A Yann LeCun–Linked Startup Charts a New Path to AGI

If you ask Yann LeCun, Silicon Valley has a groupthink problem. Since leaving Meta in November, the AI researcher and luminary has taken on the orthodox view that large language models (LLMs) will take us to artificial general intelligence (AGI), the threshold where computers match or exceed human intelligence. Everyone, he said in a recent interview, was “looted by the LLM.”
On January 21, San Francisco-based startup Logical Intelligence named LeCun to its board of directors. Building on a theory conceived by LeCun twenty years earlier, the startup claims to have developed a different form of AI, better equipped to learn, reason and self-correct.
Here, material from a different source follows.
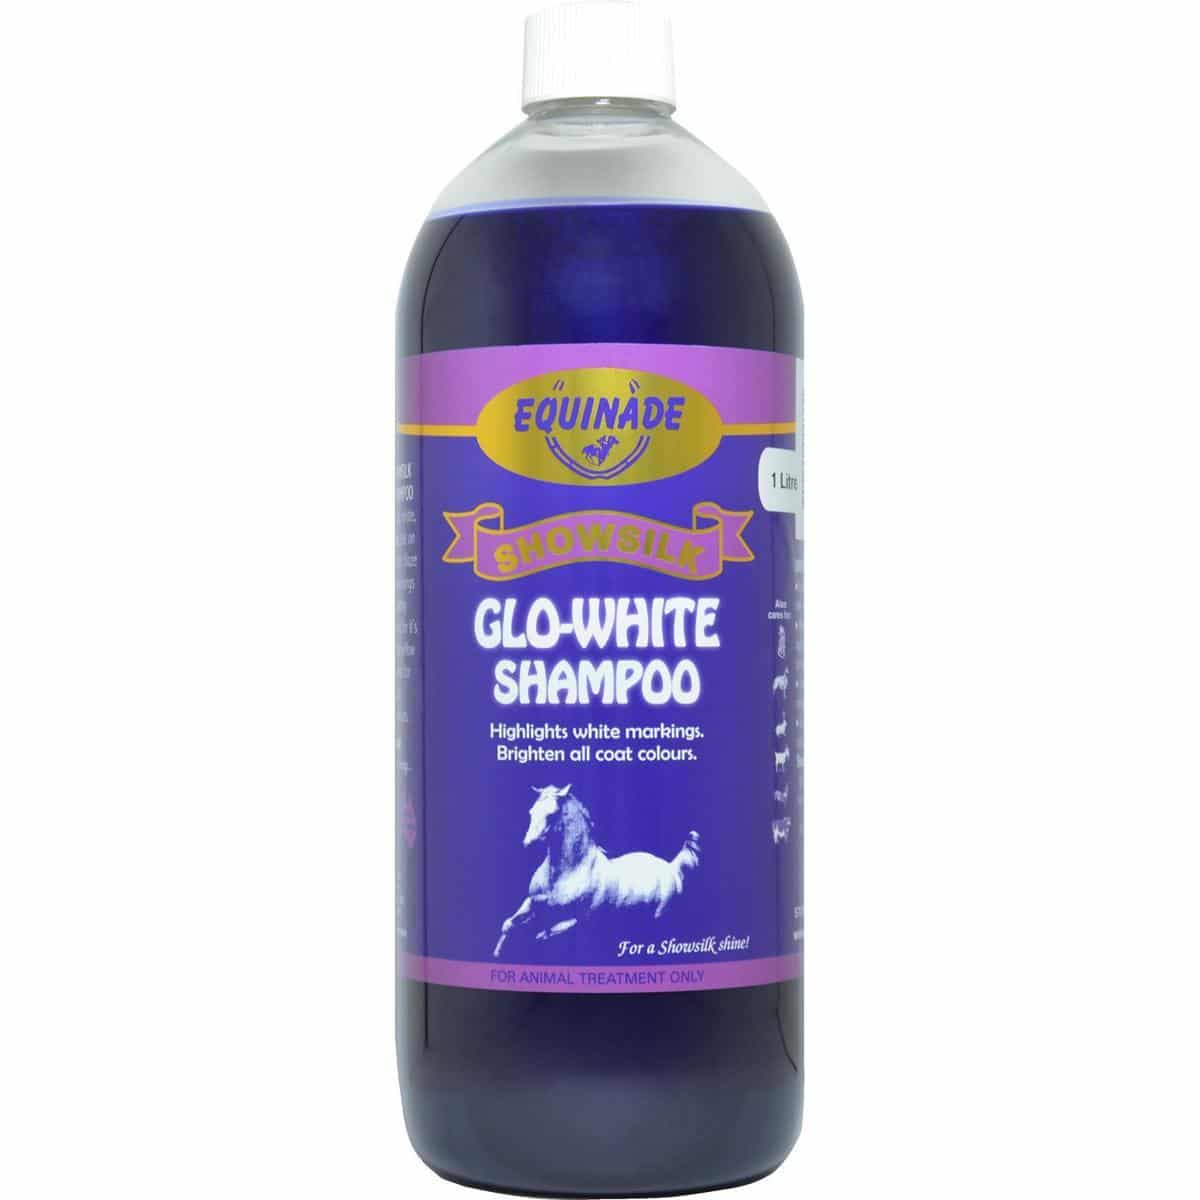 Equinade Glo-White Shampoo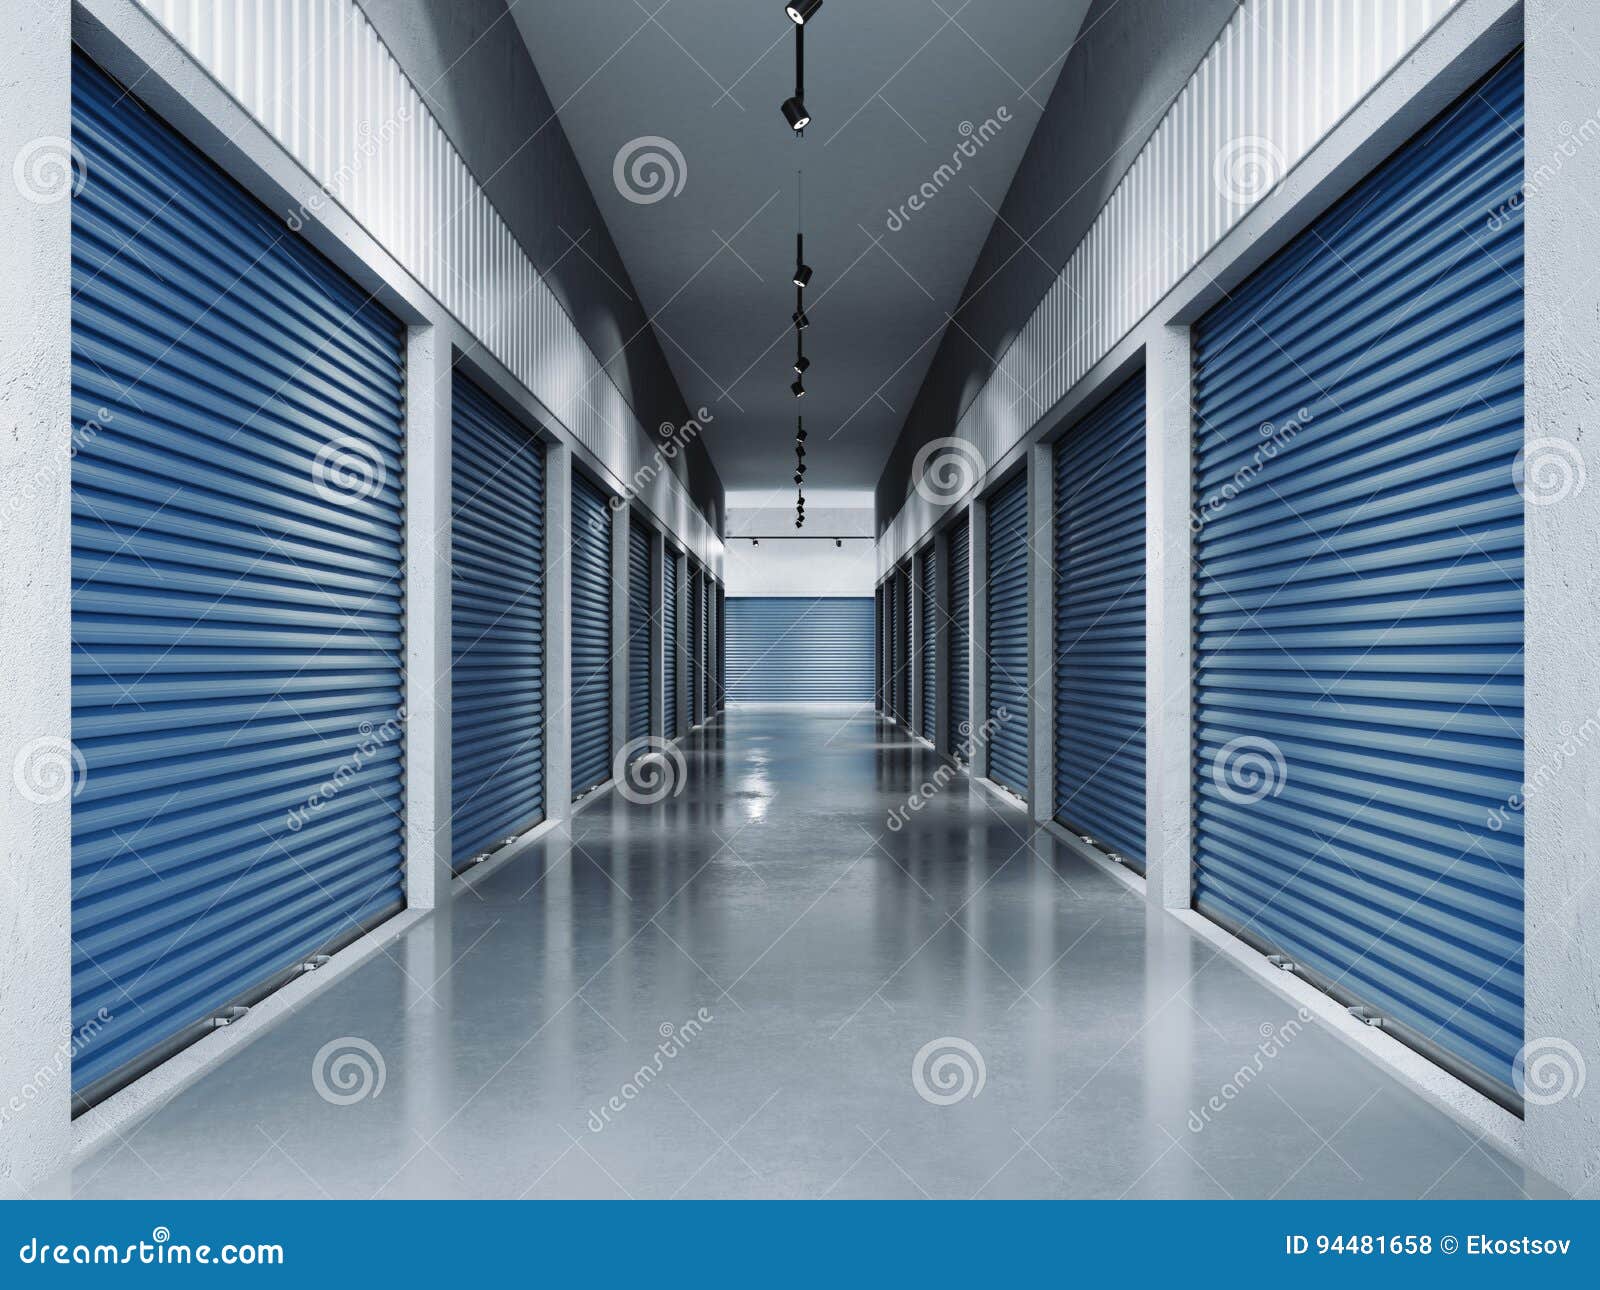 storage facilities with blue doors.3d rendering

Logical Intelligence has developed what is called an Energy-Based Reasoning Model (EBM). While LLMs efficiently predict the most likely next word in a sequence, EBMs absorb a set of parameters (e.g. sudoku rules) and perform a task within those limits. This method is supposed to eliminate errors and require much less calculation, as there is less trial and error.
The startup’s first model, Kona 1.0, can solve sudoku puzzles several times faster than the world’s leading LLMs, despite running on a single Nvidia H100 GPU, according to founder and CEO Eve Bodnia, in an interview with WIRED. (In this test, LLMs cannot use coding skills that would allow them to “brute force” the puzzle.)
Logical Intelligence claims to be the first company to build a working EBM, which until now was just an academic fantasy. The idea is for Kona to solve wicked problems like optimizing energy networks or automating sophisticated manufacturing processes, in contexts with no tolerance for error. “None of these tasks are associated with language. It’s anything but language,” says Bodnia.
Bodnia expects Logical Intelligence to work closely with AMI Labs, a Paris-based startup recently launched by LeCun, which is developing yet another form of AI, a so-called world model, intended to recognize physical dimensions, demonstrate persistent memory and anticipate the results of one’s actions. According to Bodnia, the path to AGI begins with the layering of these different types of AI: LLMs will interface with humans in natural language, EBMs will take on reasoning tasks, while models of the world will help robots act in 3D space.
Bodnia spoke to WIRED via video conference from his San Francisco office this week. The following interview has been edited for clarity and length.
WIRED: I should ask about Yann. Tell me how you met, his role in leading research at Logical Intelligence, and what his role on the board will entail.
Bodnia: Yann has a lot of academic experience as a professor at New York University, but he has been exposed to the real industry through Meta and other collaborators for many, many years. He saw both worlds.
For us, he is the only expert in energy-based models and the different types of associated architectures. When we started working on this EBM, he was the only person I could talk to. It helps our technical team navigate in certain directions. He was very, very involved. Without Yann, I can’t imagine us evolving so quickly.
Yann speaks openly about the potential limitations of LLMs and the model architectures most likely to advance AI research. Where are you?
LLMs are a big guessing game. That’s why you need a lot of calculation. You take a neural network, feed it pretty much all the garbage from the Internet, and try to teach it how people communicate with each other.
When you speak, your language is intelligent to me, but not because of the language. Language is a manifestation of everything in your brain. My reasoning takes place in a sort of abstract space that I decode into language. I feel like people are trying to reverse engineer intelligence by imitating intelligence.